• _PROBLEM STATEMENT_: All lines below starting at the one that holds "For more than" and ending at the one that holds "Squier By Fender" should be printed exactly, ends included. Pictures should not be printed, nor anything else.
--- EXERCISE MATERIALS ---
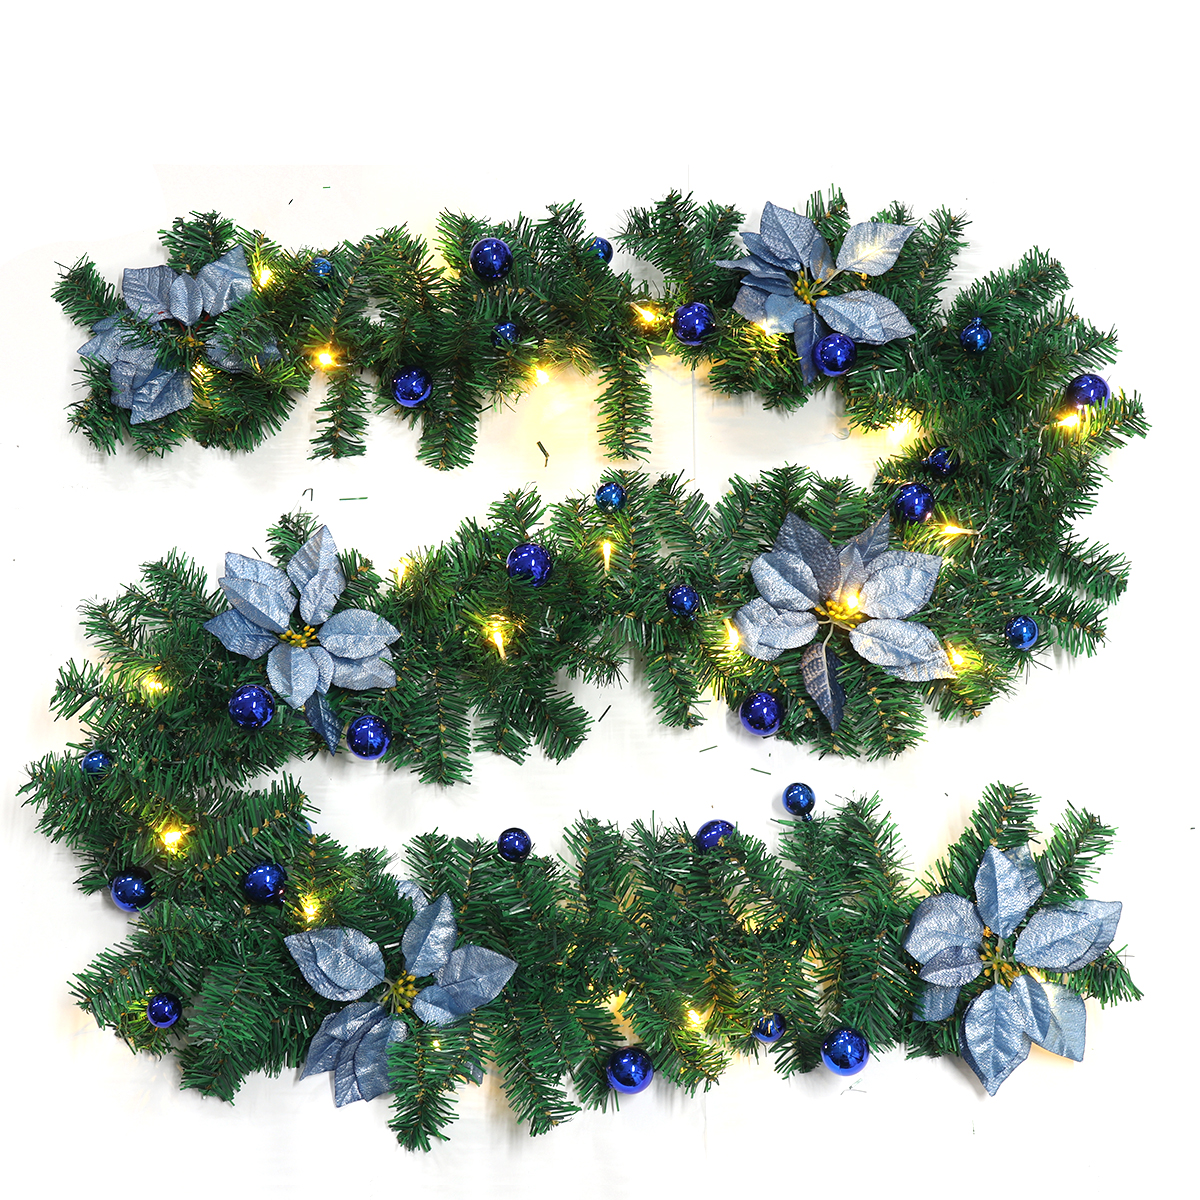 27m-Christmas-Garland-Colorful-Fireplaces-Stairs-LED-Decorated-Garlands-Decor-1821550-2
---
--- EXERCISE MATERIALS ---
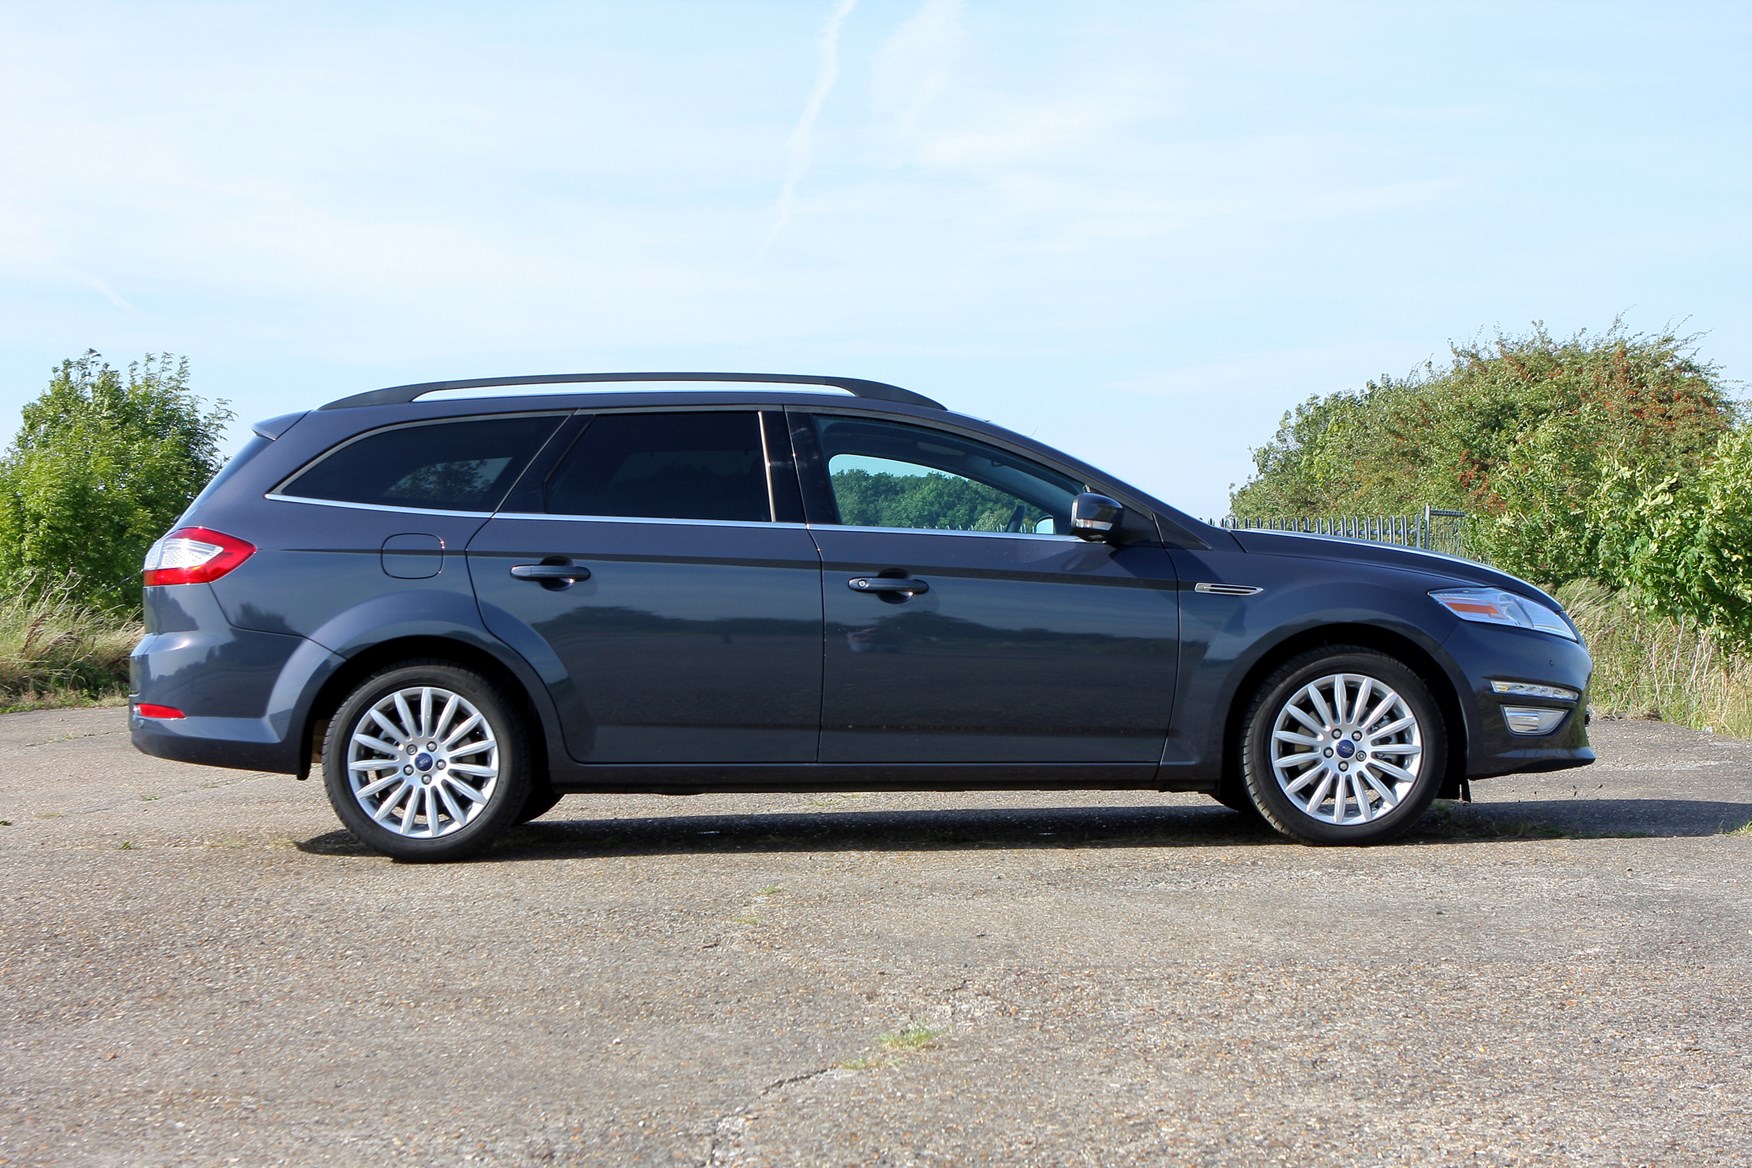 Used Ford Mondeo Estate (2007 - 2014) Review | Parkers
---
--- EXERCISE MATERIALS ---
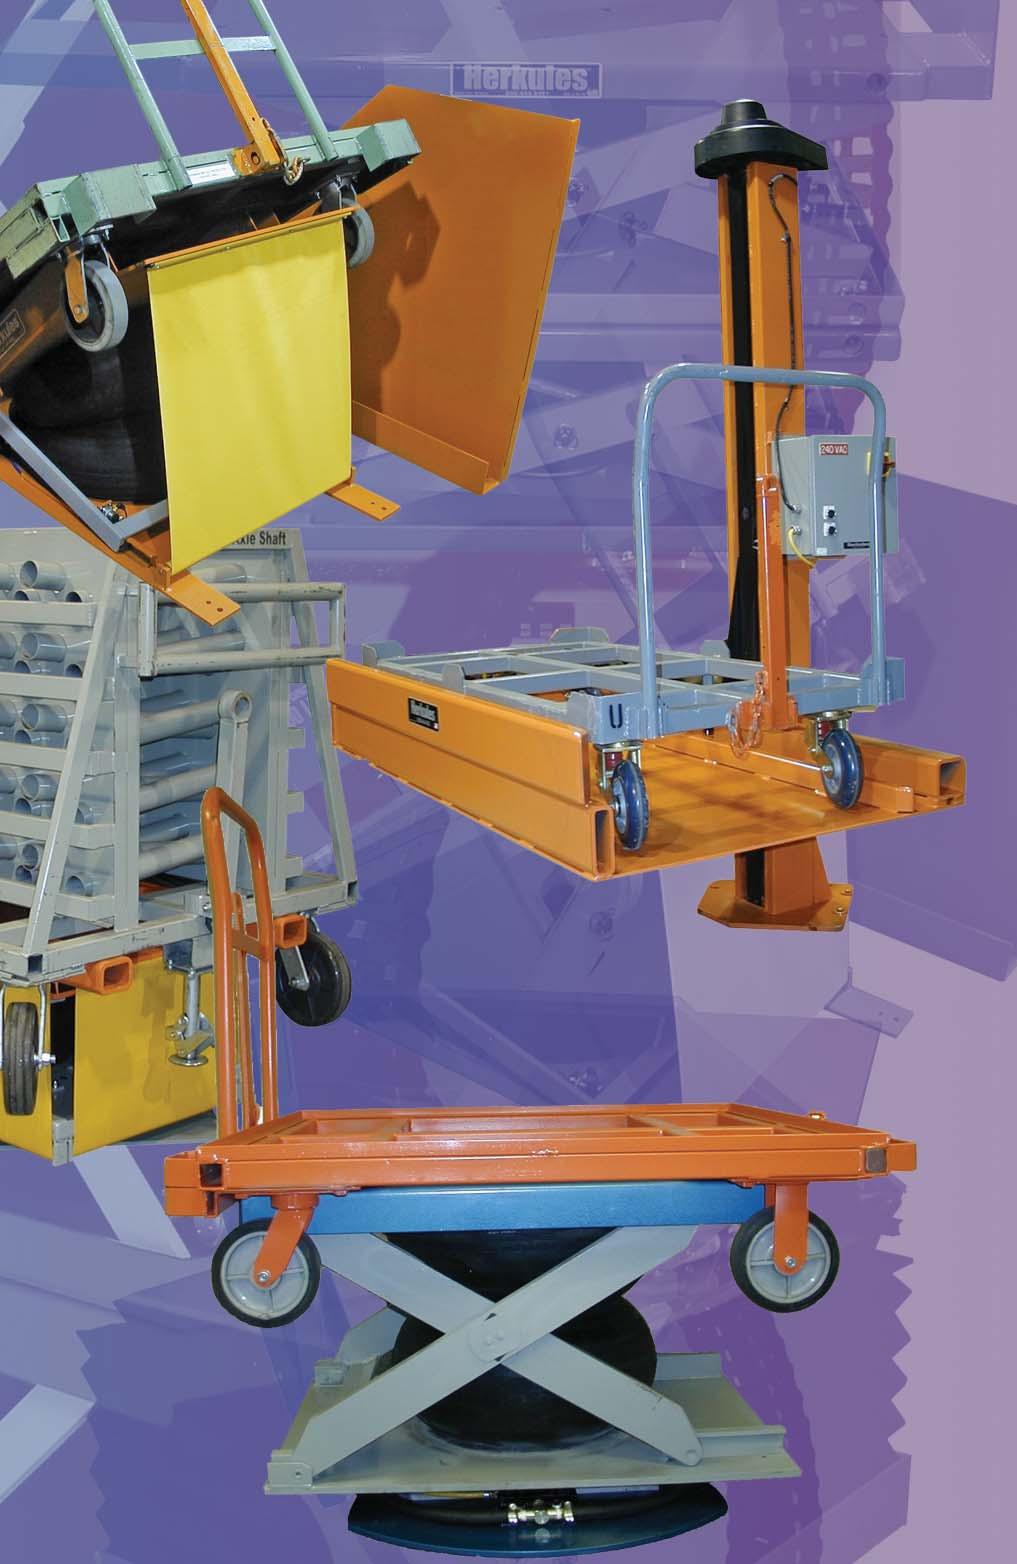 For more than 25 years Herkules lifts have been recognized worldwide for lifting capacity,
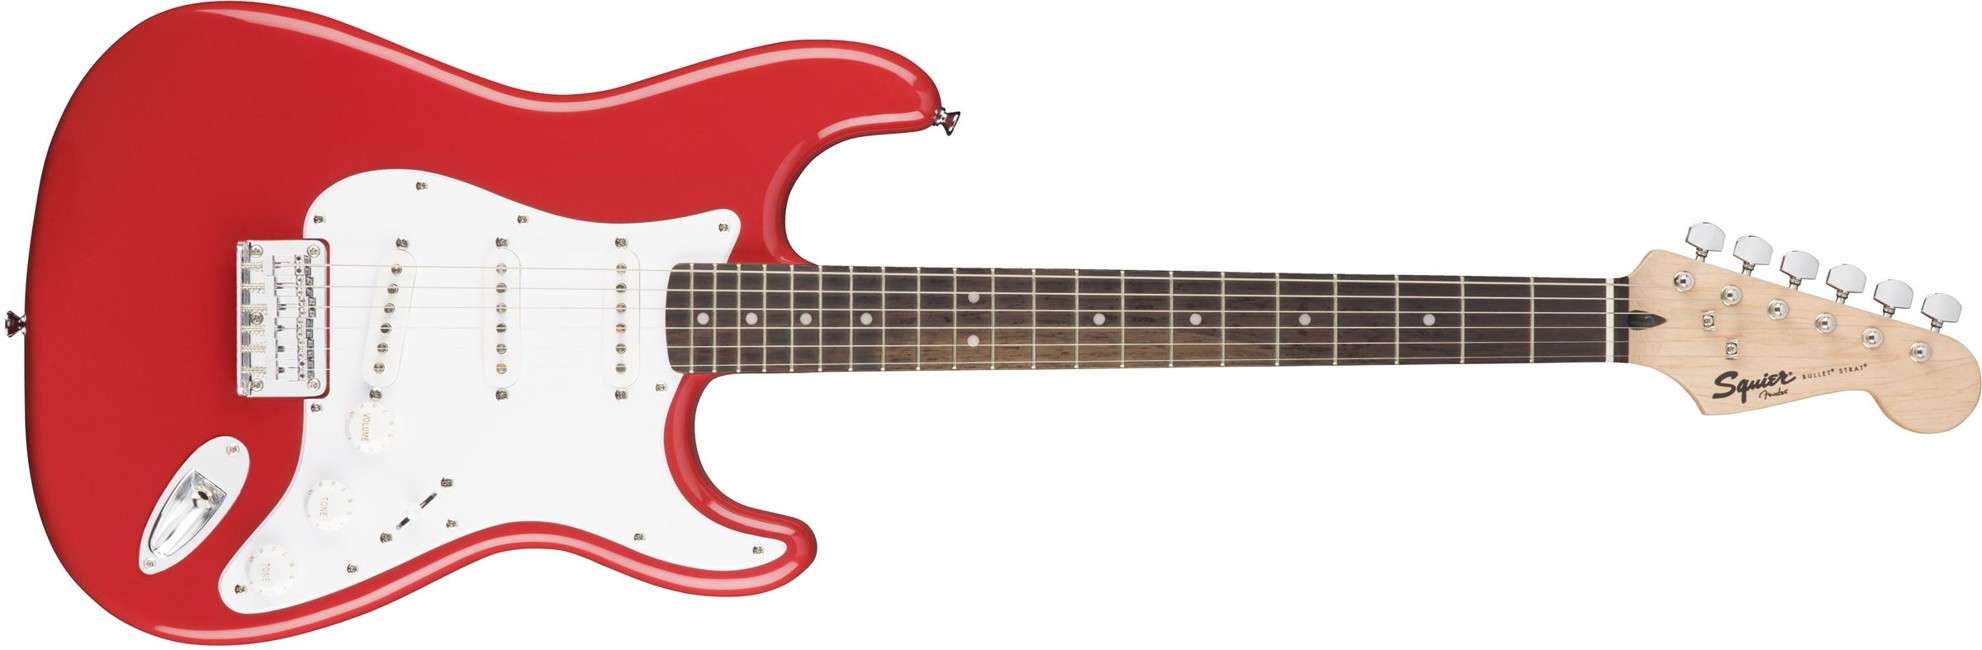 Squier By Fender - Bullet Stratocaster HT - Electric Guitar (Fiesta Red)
---
• _OUTPUT OF THE EXERCISE_:
 For more than 25 years Herkules lifts have been recognized worldwide for lifting capacity,
 Squier By Fender - Bullet Stratocaster HT - Electric Guitar (Fiesta Red)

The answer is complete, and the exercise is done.